By Dado Ruvic
SREBRENICA (Reuters) – Survivors and relatives of victims of the 1995 Srebrenica massacre breathed a sigh of relief on Tuesday after U.N. war crimes judges upheld the genocide conviction and life sentence of former Bosnian Serb military leader Ratko Mladic.
“We have been anxious about what will happen for the past month but we are pleased. Thank God it’s over,” said Mida Osmanovic, after watching with other women a public broadcast of the court’s verdict at the Srebrenica Memorial Centre.
“It gives us some satisfaction but even more distress,” Osmanovic added, recalling how it made her relive her experiences 26 years earlier.
She and other women who lost their male relatives in the massacre considered Europe’s worst atrocity since World War Two walked among the 6,600 white tombstones at Srebrenica cemetery marking the graves of their murdered relatives.

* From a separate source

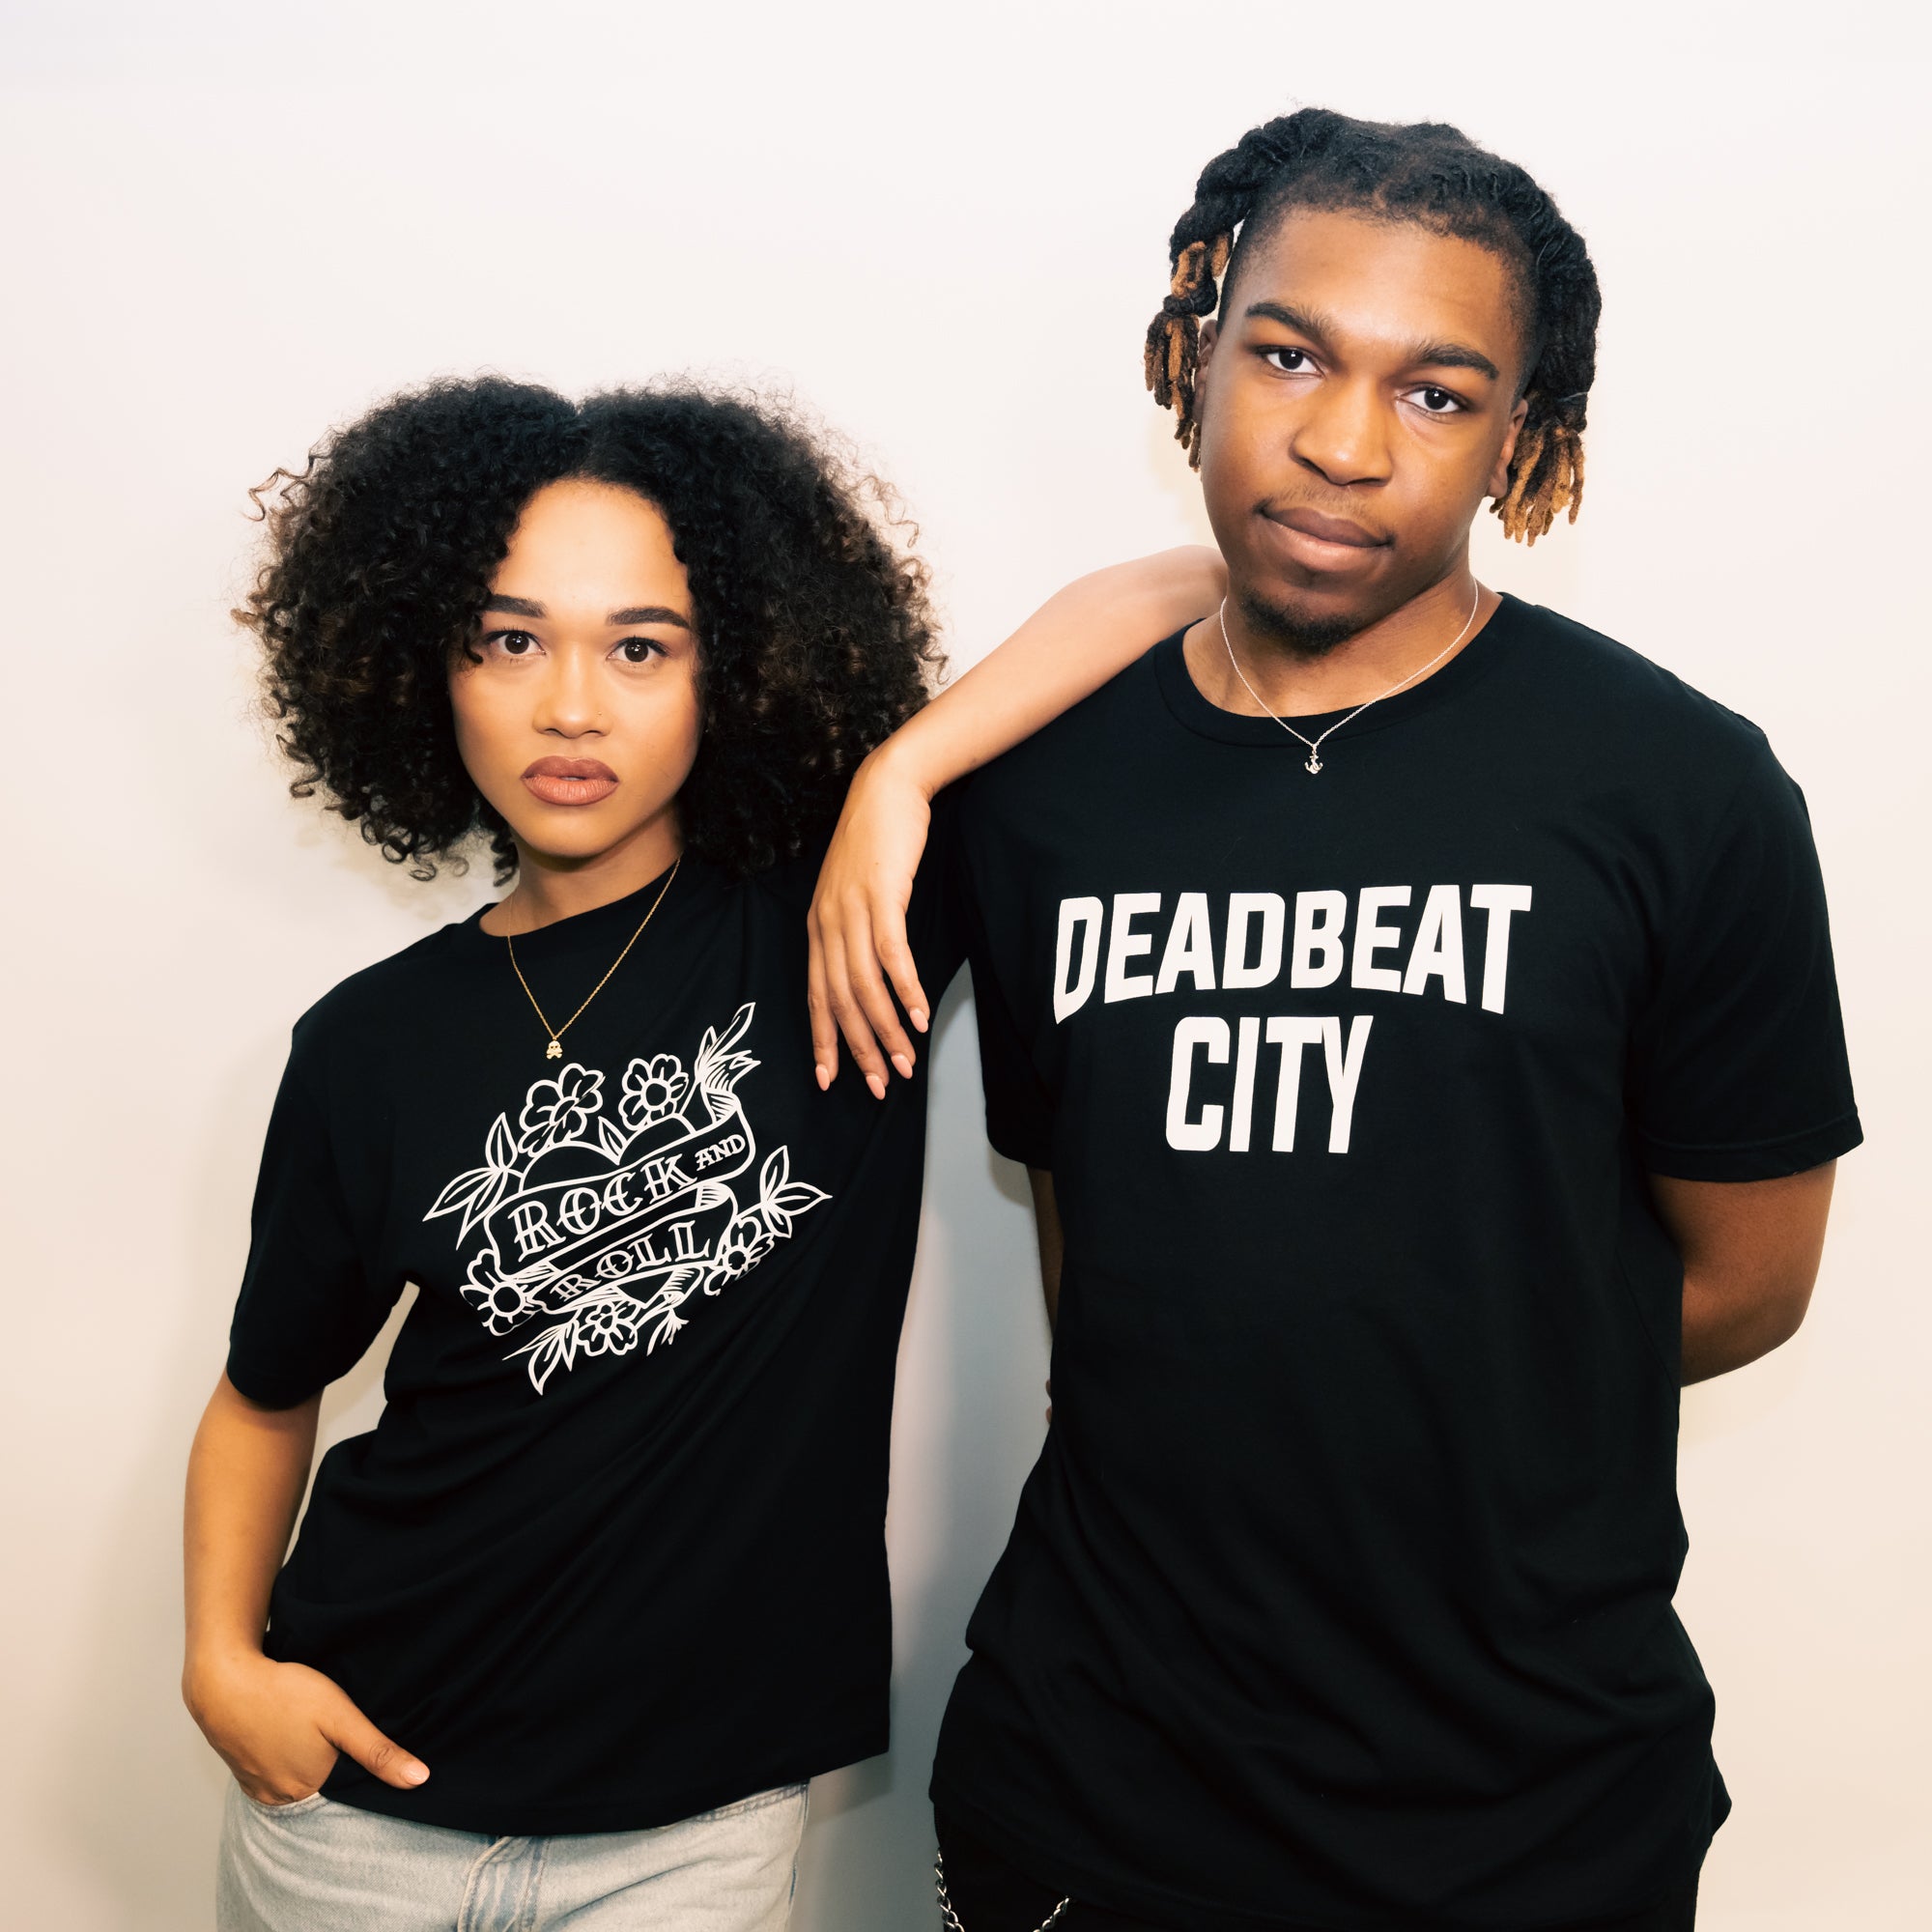 Rock and Roll Black Unisex T-Shirt by db deadbeat

“The majority of my family is here,” Osmanovic said pointing to the tombstones.
Mladic, 78, who led Bosnian Serb forces during Bosnia’s 1992-95 war, had appealed against his 2017 conviction on charges of genocide, crimes against humanity and war crimes and his life sentence but the appeals chamber dismissed his appeal and affirmed the sentence of life imprisonment.

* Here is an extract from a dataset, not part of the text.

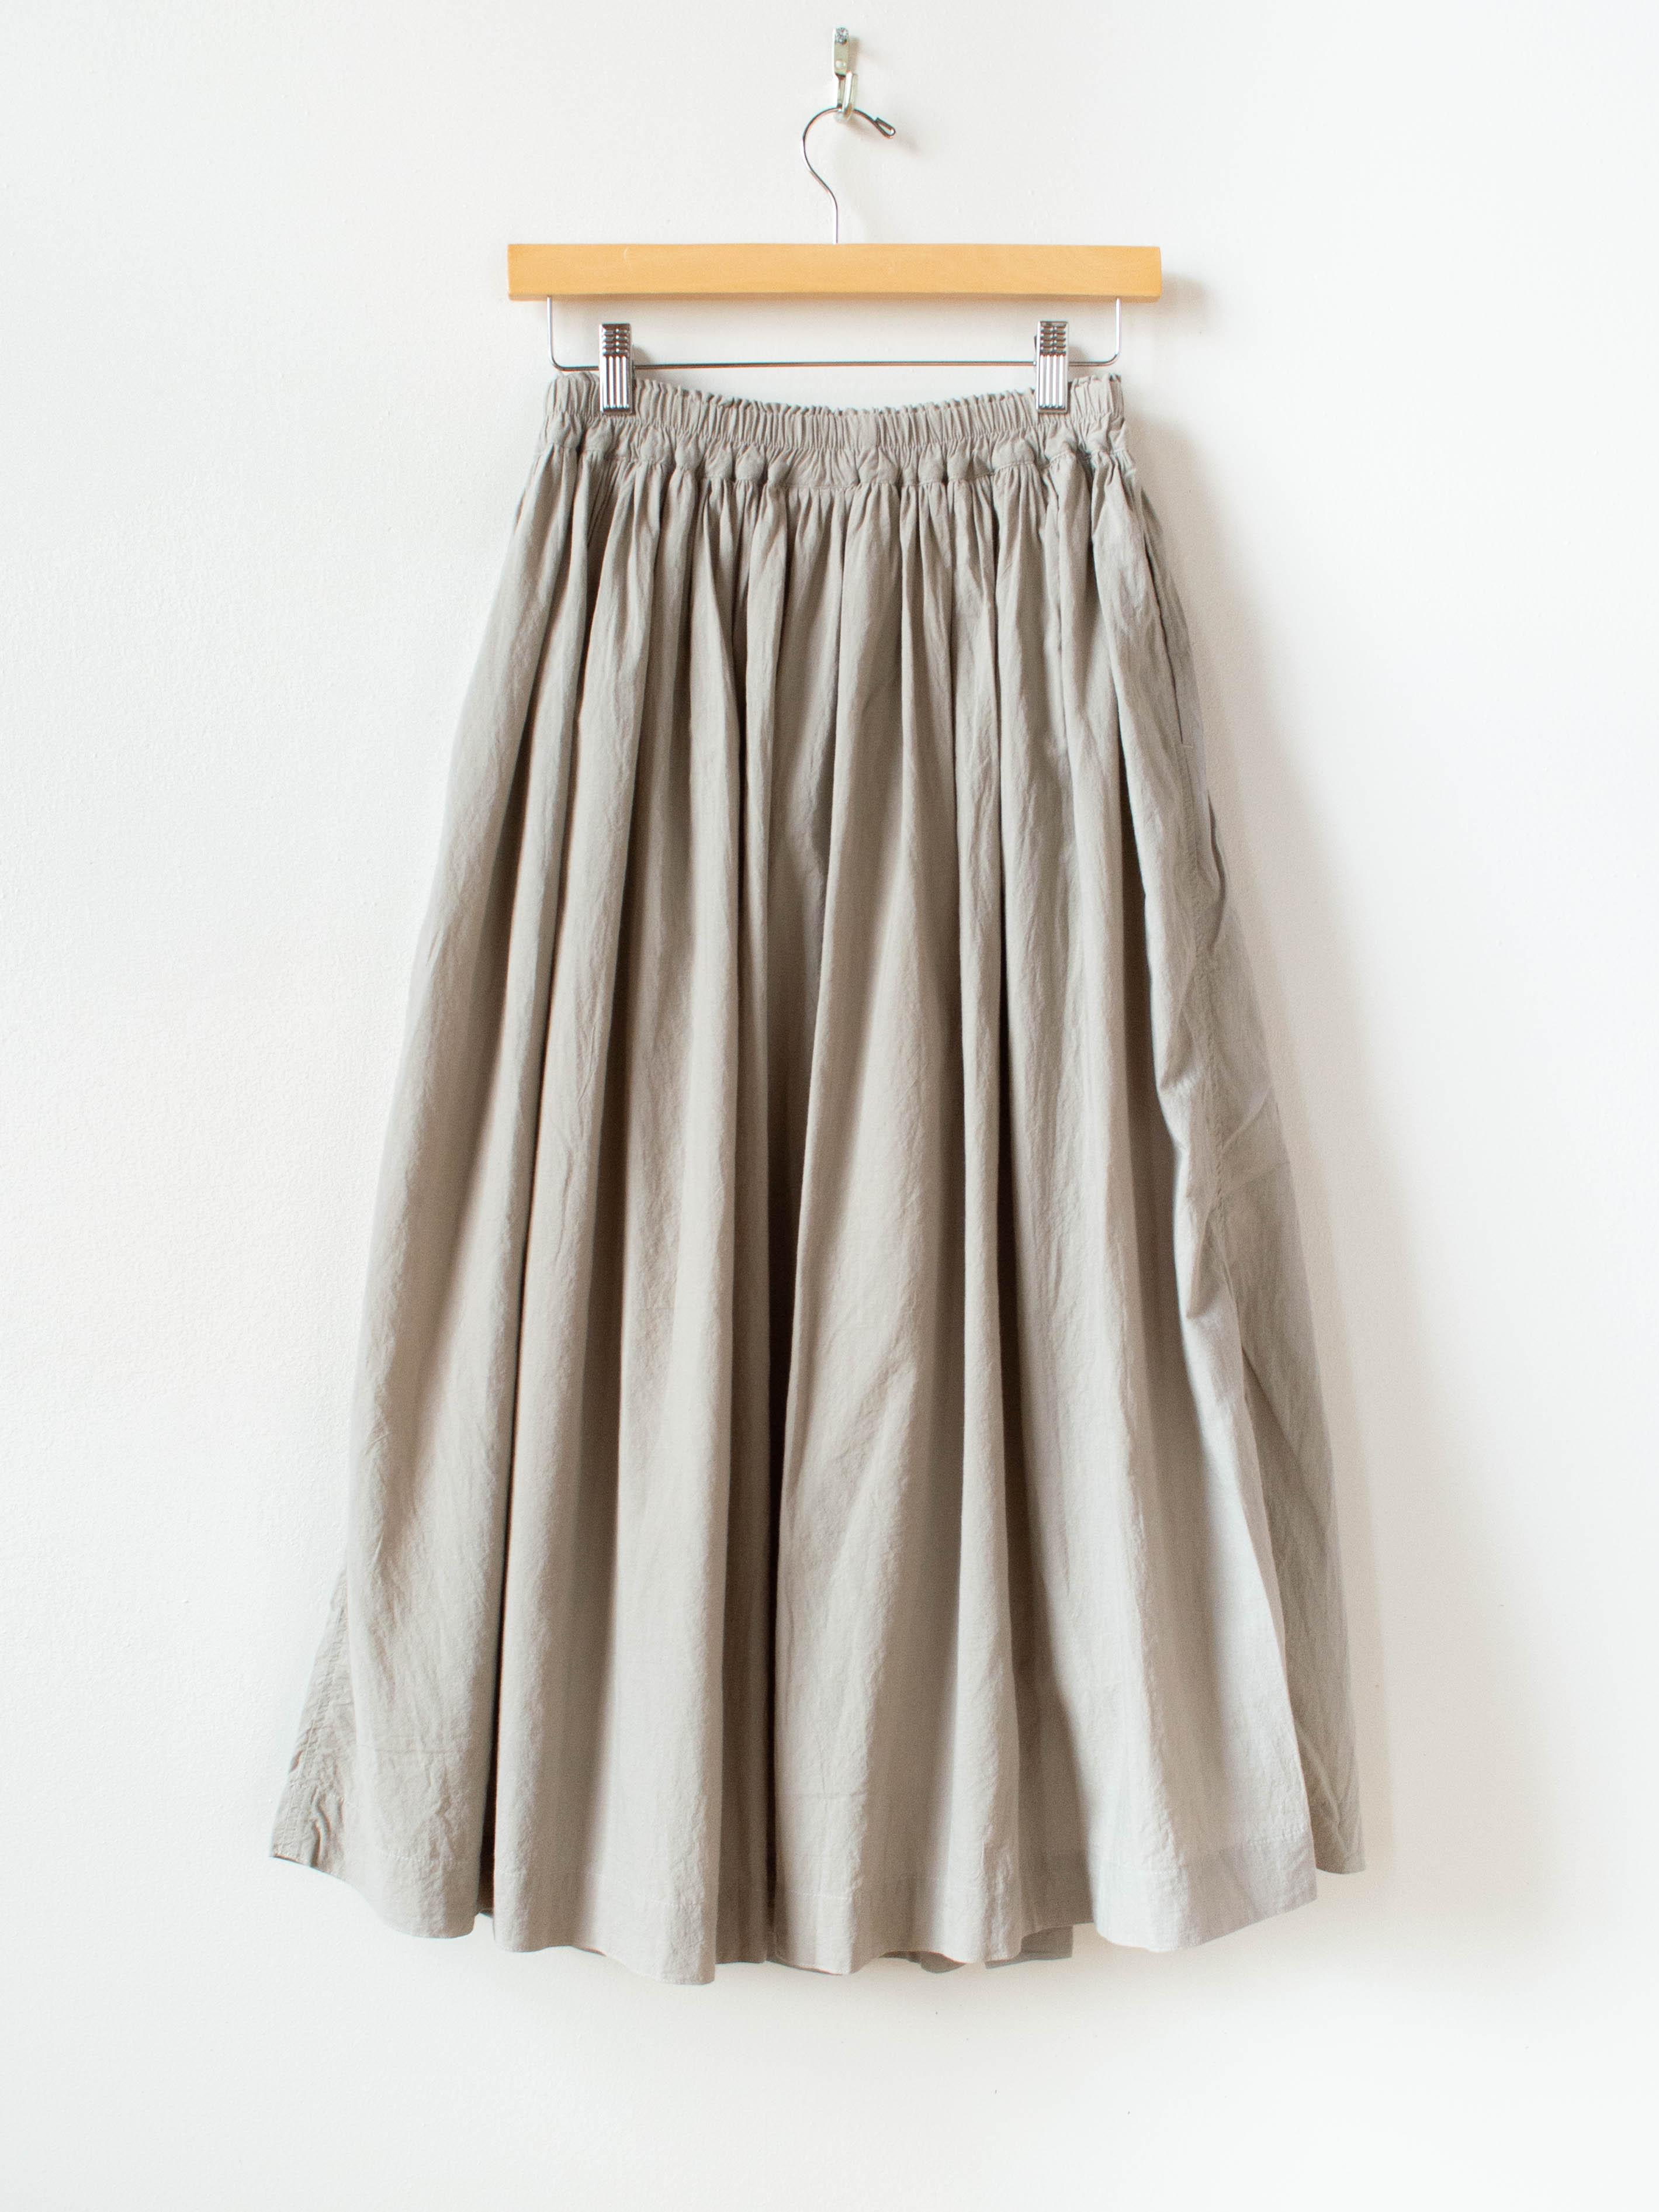 Namu Shop - Ichi Antiquites Azumadaki Drawstring Skirt - Beige

The verdict caps 25 years of trials at the ad hoc International Criminal Tribunal for the Former Yugoslavia (ICTY), which convicted 90 people for the crimes committed in the Bosnian war in which about 100,000 died and 2 million were displaced.
But Bosnia’s Serbs, Bosniaks and Croats still see the war through opposing lenses.

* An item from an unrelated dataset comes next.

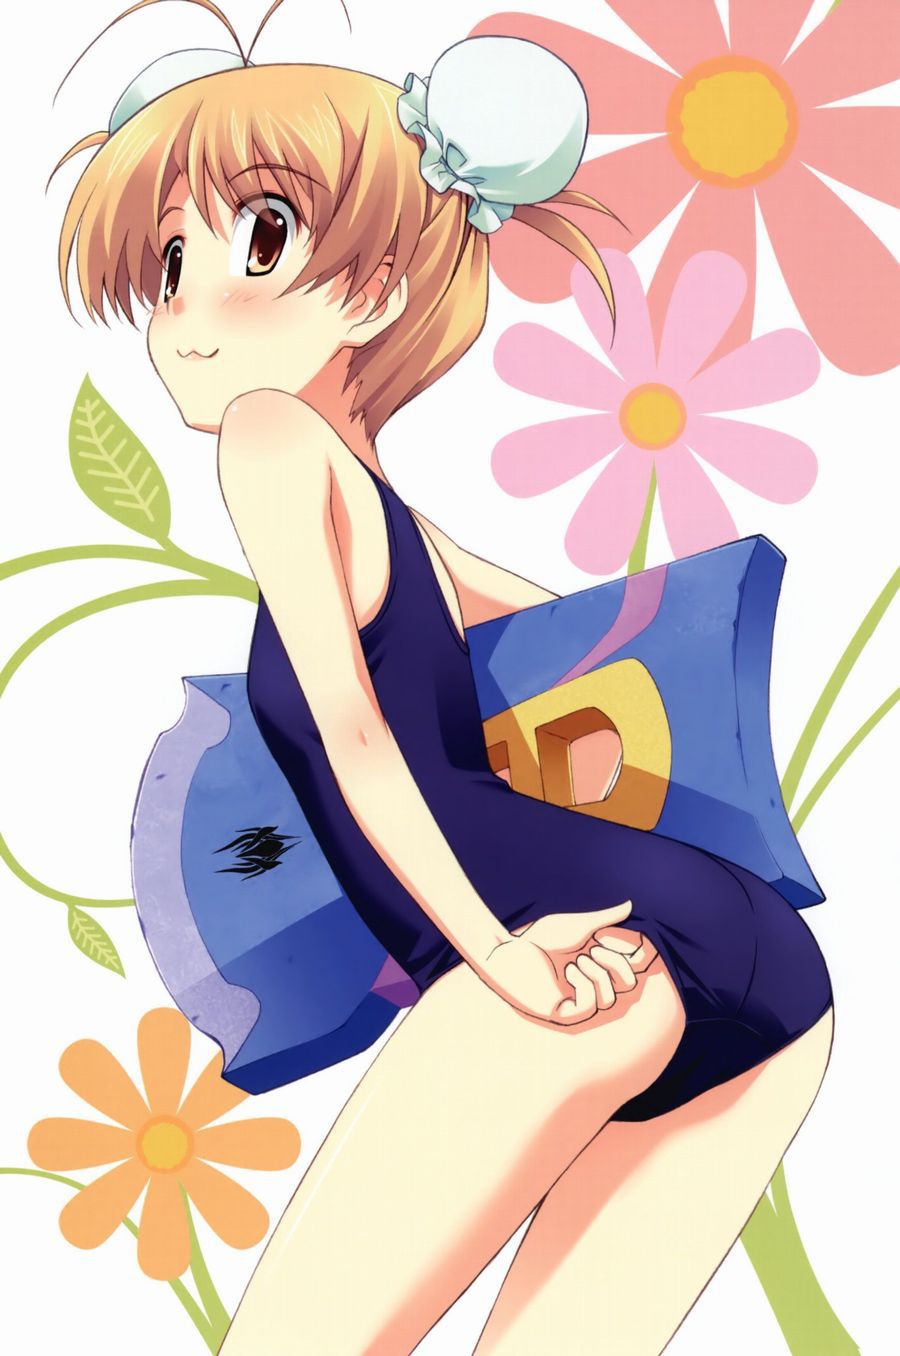 [Image] illustrations of wwwww loli manga anime characters too cute, MoE! 36

Bosnian Serb leader Milorad Dodik, who is currently chairing Bosnia’s tripartite inter-ethnic presidency, criticised the judgement as unfair, saying the ICTY was biased against Serbs and its rulings undermined the trust in international justice.
“It’s clear to us there is an attempt here to create a myth about genocide in Srebrenica which has never occurred,” Dodik said.
Most Serbs deny that genocide happened and say that Mladic was a Serb defender and a hero.
“I think the Hague tribunal has been probably designed from the beginning as a court that would a priori judge one side, that is us … and I simply do not expect any justice, nothing,” said Bojan Stojnic, an economist, in Banja Luka, the largest Bosnian Serb city.
But Muslim Bosniaks, who suffered the greatest losses in the 1992-95 war, welcomed the ruling.
“It is important that his crimes from the last war have been named before the whole world,” said Sefik Dzaferovic, the Bosniak member of the country’s presidency. “The verdicts by international courts will have to be respected and implemented.”